### WORK ITEM
In the entries below, how many lines contain "Edition"? Answer with the number and nothing else.

### SUPPLIED ENTRIES
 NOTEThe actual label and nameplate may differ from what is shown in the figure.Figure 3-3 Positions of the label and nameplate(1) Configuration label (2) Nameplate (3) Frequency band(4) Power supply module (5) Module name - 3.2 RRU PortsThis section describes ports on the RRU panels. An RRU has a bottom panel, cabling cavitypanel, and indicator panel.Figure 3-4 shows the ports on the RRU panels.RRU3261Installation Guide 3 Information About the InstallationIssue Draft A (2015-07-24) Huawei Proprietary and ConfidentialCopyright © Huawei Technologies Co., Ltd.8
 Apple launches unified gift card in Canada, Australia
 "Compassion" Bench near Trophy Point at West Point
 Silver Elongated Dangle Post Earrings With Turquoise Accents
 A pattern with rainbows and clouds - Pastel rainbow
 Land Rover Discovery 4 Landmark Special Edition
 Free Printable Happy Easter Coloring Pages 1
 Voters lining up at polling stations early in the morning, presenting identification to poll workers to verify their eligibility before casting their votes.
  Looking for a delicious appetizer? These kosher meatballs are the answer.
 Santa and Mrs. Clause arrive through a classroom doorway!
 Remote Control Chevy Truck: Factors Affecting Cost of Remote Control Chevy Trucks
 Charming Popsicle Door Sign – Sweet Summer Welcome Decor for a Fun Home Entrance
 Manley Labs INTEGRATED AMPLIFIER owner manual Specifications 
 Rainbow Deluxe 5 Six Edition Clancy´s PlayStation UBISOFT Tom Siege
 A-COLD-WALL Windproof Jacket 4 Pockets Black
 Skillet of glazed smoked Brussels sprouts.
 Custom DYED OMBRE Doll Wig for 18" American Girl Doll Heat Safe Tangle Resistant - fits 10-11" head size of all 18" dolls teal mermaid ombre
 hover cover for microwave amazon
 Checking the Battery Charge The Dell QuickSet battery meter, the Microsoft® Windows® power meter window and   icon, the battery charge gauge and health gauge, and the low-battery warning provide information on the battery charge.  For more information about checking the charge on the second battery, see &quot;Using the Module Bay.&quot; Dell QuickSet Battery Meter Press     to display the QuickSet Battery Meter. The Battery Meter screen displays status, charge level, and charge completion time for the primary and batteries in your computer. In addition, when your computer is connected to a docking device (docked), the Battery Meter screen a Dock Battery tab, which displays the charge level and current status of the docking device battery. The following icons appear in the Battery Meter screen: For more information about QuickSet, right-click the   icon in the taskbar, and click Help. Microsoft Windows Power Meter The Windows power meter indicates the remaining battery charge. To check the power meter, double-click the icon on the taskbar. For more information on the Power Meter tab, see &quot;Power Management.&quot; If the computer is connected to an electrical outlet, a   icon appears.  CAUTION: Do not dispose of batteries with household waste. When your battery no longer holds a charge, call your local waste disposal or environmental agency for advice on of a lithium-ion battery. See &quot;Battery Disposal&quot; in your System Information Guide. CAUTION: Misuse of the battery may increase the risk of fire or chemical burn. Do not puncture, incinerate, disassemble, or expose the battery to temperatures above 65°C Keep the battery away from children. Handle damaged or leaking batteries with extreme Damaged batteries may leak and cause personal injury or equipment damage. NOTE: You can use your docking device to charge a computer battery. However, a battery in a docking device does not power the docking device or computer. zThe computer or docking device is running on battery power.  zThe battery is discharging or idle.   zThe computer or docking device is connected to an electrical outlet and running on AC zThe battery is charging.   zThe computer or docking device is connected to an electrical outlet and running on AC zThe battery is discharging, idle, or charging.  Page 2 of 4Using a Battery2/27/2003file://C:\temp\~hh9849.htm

### ANSWER BELOW
2